After testing values, we find that for $n=48$, $e^2 = 2 + \frac{2}{1+48} = 2 + \frac{2}{49} = \frac{98+2}{49} = \frac{100}{49} = \left(\frac{10}{7}\right)^2$. So for $n=48$, $e = \frac{10}{7}$, which is rational.
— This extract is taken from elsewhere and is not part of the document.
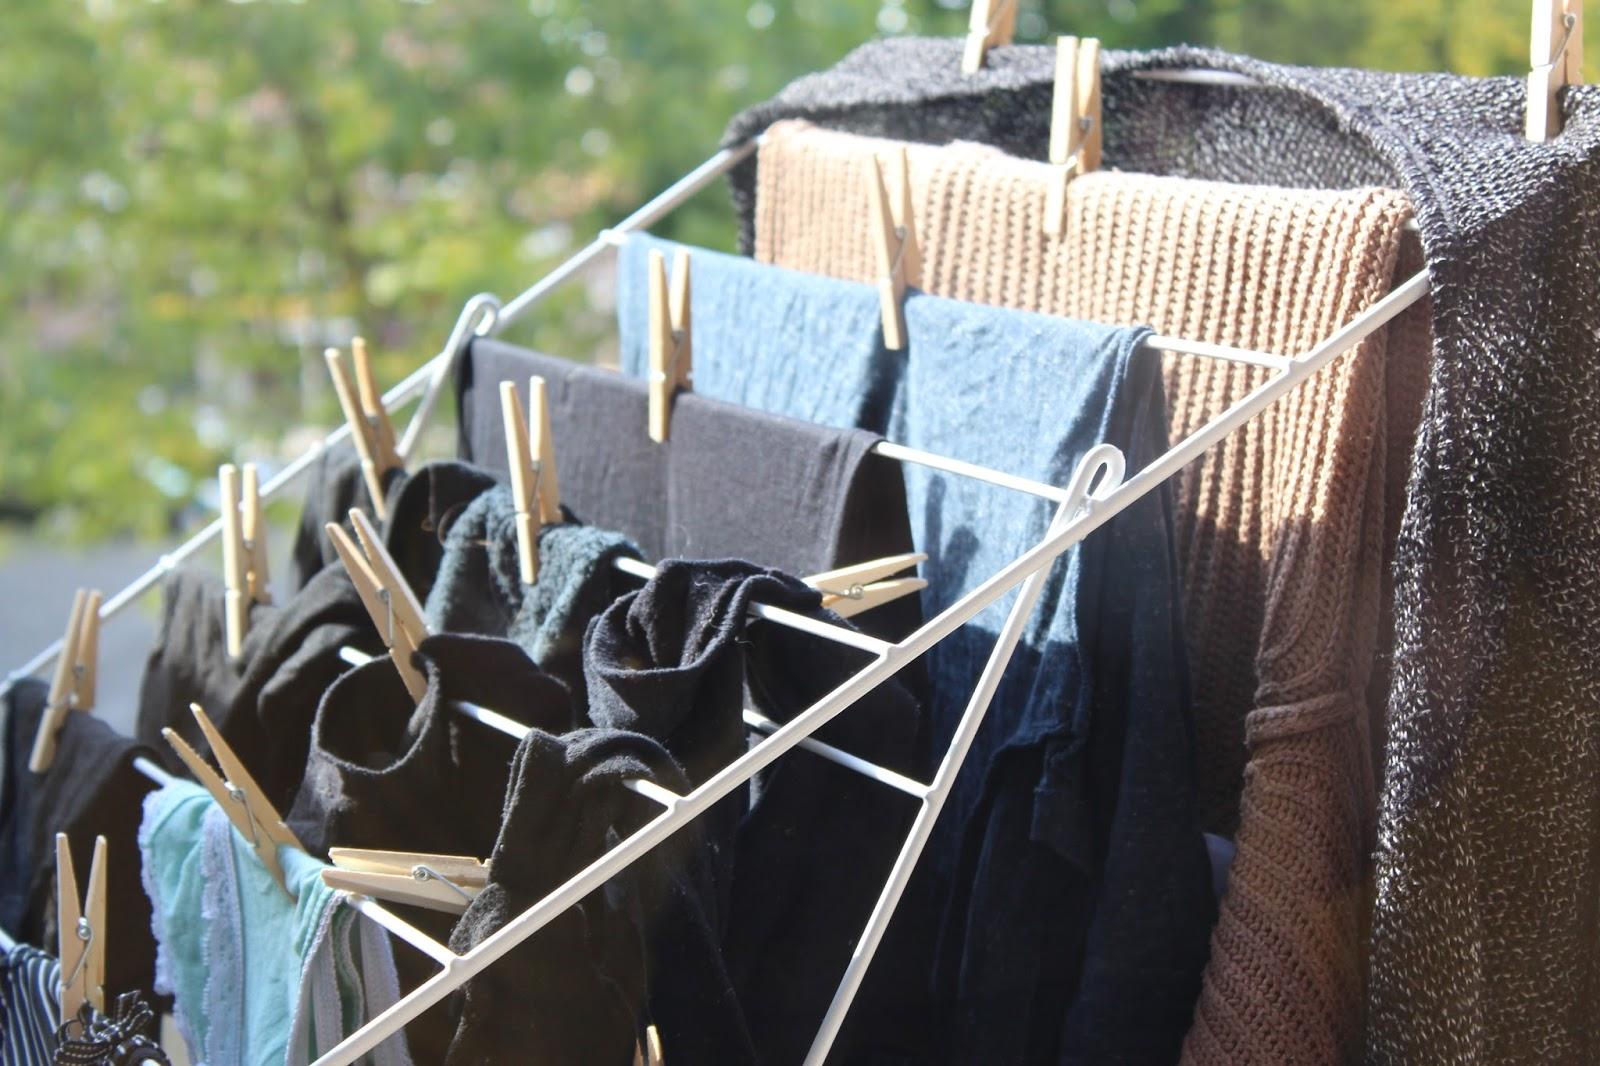 Capsule wardrobe update: nog net niet minimalistische kledingkast
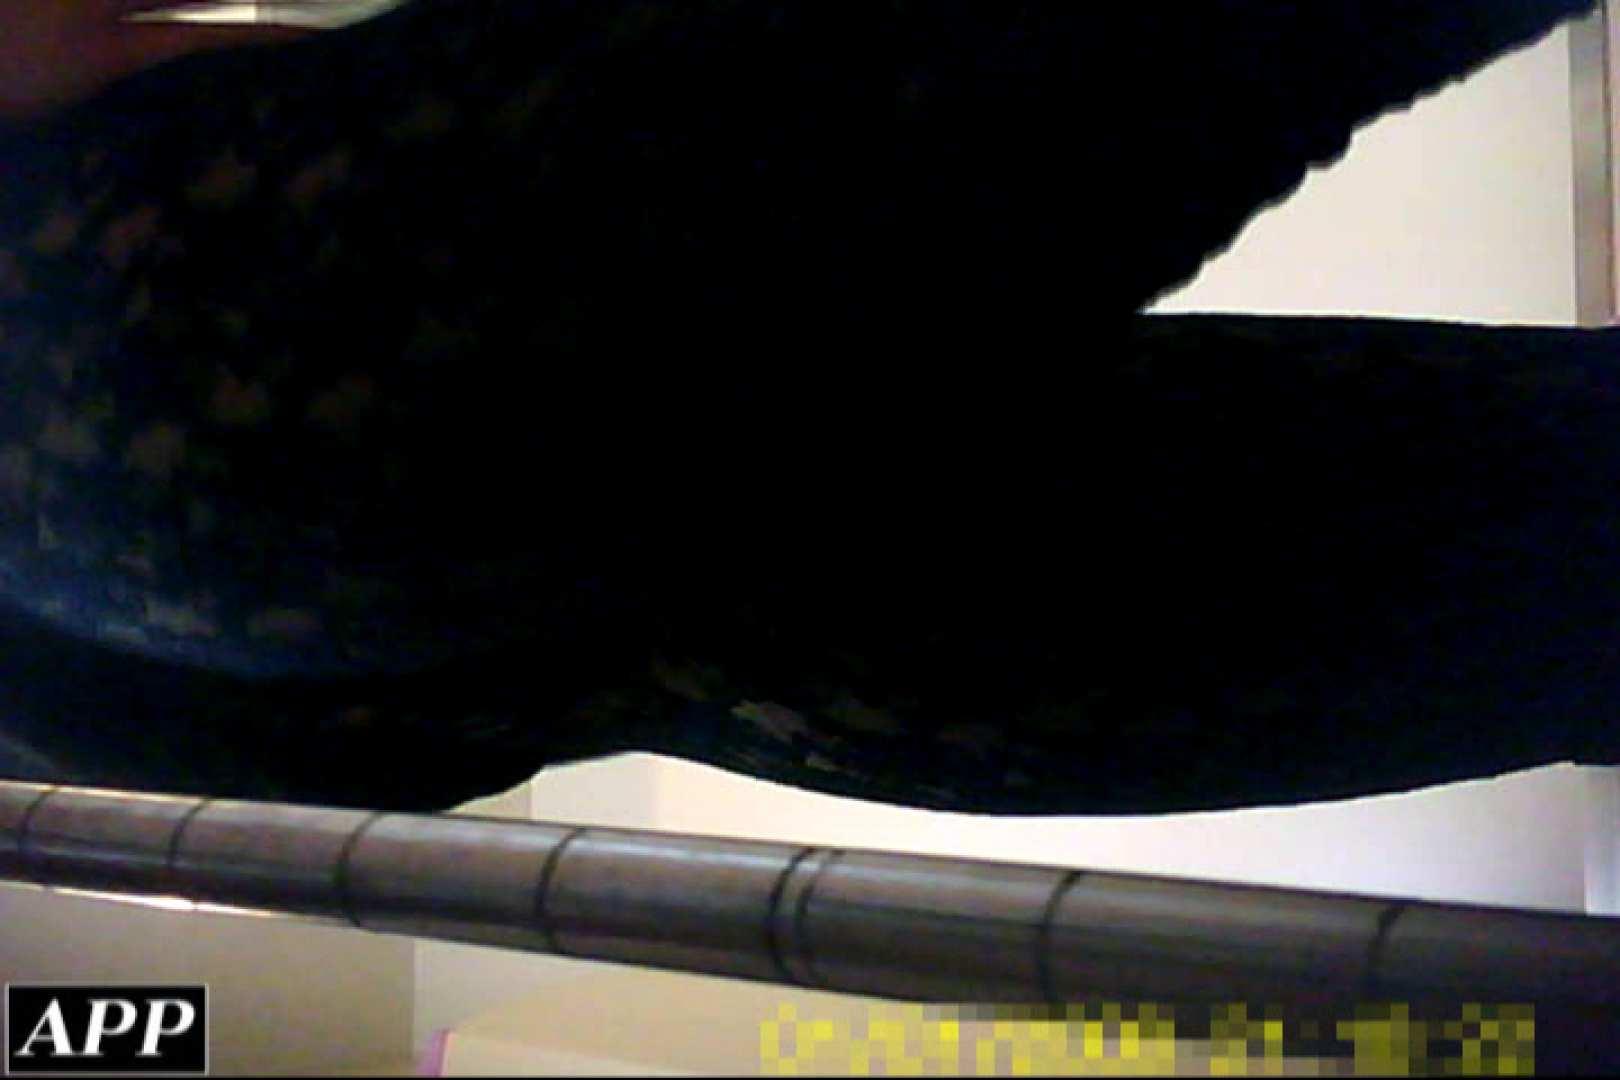 3視点洗面所 vol.108 肛門丸見え おめこ無修正動画無料 80pic 65

The smallest even value of $n$ for which $e$ is rational is $k=48$. For $H_k$, where $k=48$, we have $a^2 = 1+k = 1+48 = 49$ and $b^2 = 3+k = 3+48 = 51$. The length of the latus rectum of the hyperbola $\frac{x^2}{a^2} - \frac{y^2}{b^2} = 1$ is given by $l = \frac{2b^2}{a}$. Here $a = \sqrt{49} = 7$ and $b^2 = 51$. So, $l = \frac{2 \times 51}{7} = \frac{102}{7}$. We need to find the unit digit of $21l$. $21l = 21 \times \frac{102}{7} = 3 \times 102 = 306$. The unit digit of 306 is 6.